[Source material Boundary: Start]
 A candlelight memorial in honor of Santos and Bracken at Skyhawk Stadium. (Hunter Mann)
[Source material Boundary: End]
[Source material Boundary: Start]
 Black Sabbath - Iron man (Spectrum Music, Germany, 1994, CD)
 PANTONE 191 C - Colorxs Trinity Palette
[Source material Boundary: End]
[Source material Boundary: Start]
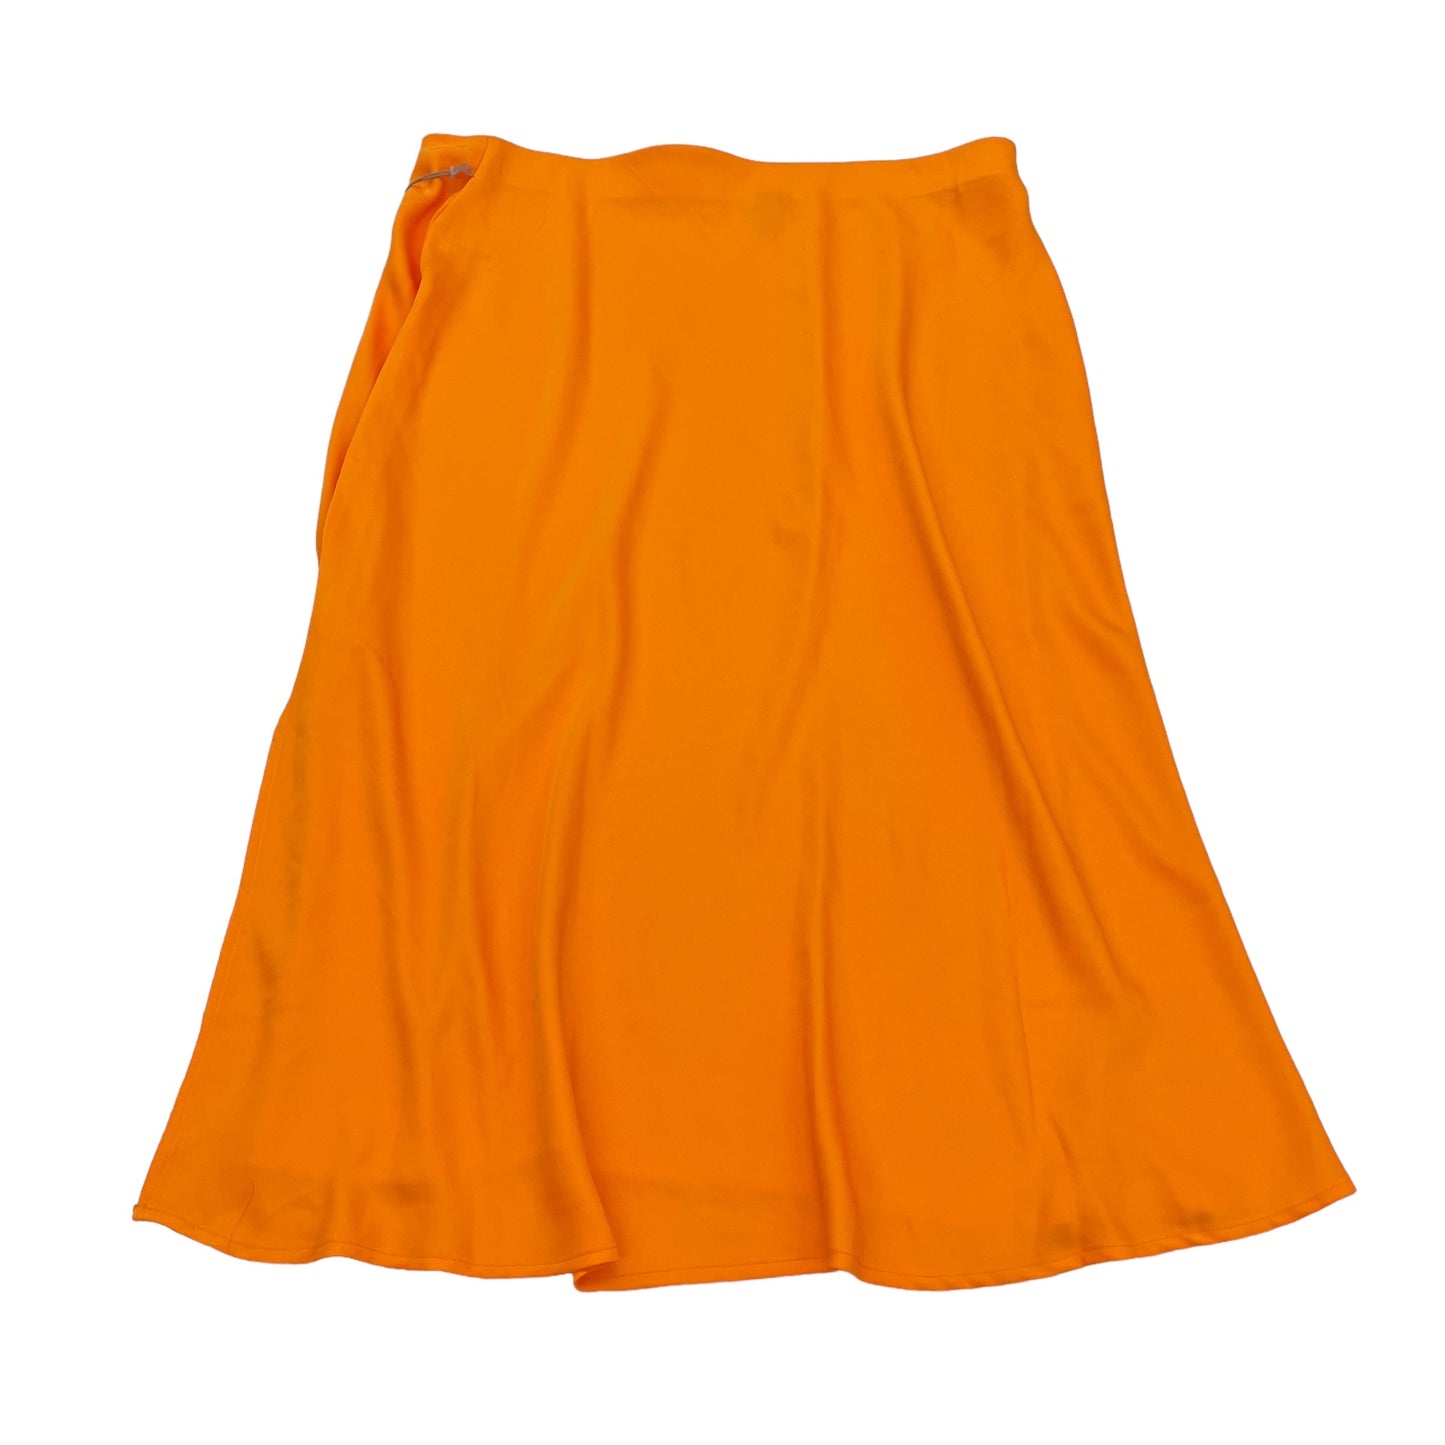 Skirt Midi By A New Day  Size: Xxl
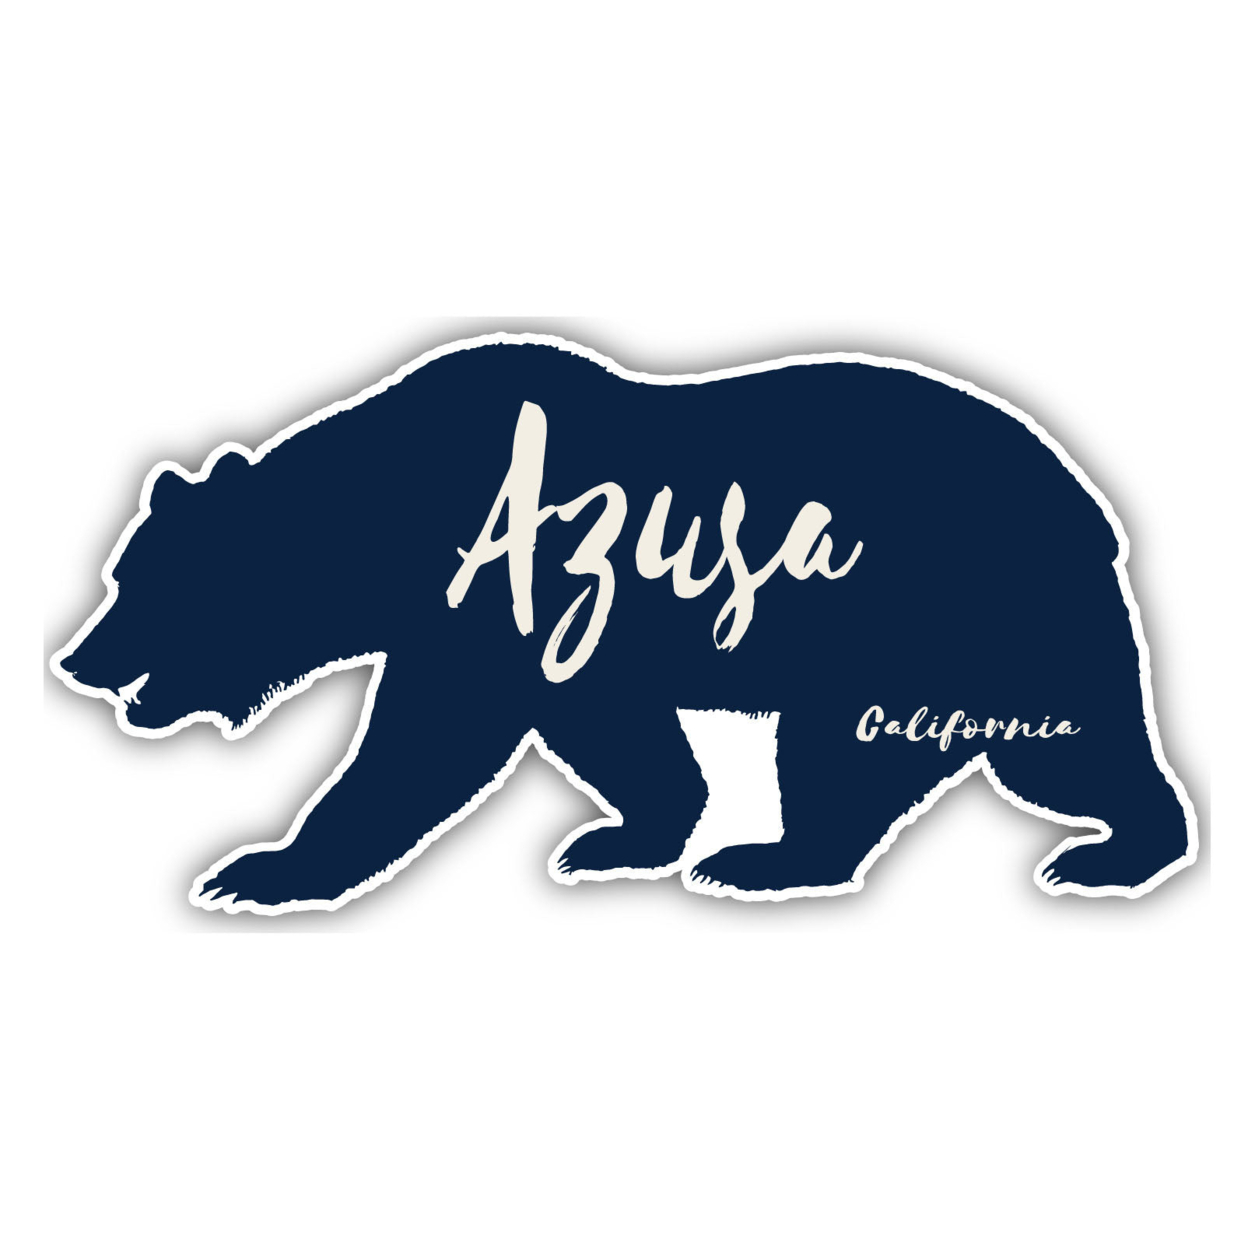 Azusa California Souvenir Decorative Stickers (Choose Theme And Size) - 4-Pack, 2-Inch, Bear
[Source material Boundary: End]
* **What to do**
What is needed is an exact copy of the lines above from the one with "Skirt Midi By" to the one with "Azusa California Souvenir", both ends kept, and nothing more; please leave the pictures out.

* **Response to the task**
 Skirt Midi By A New Day  Size: Xxl
 Azusa California Souvenir Decorative Stickers (Choose Theme And Size) - 4-Pack, 2-Inch, Bear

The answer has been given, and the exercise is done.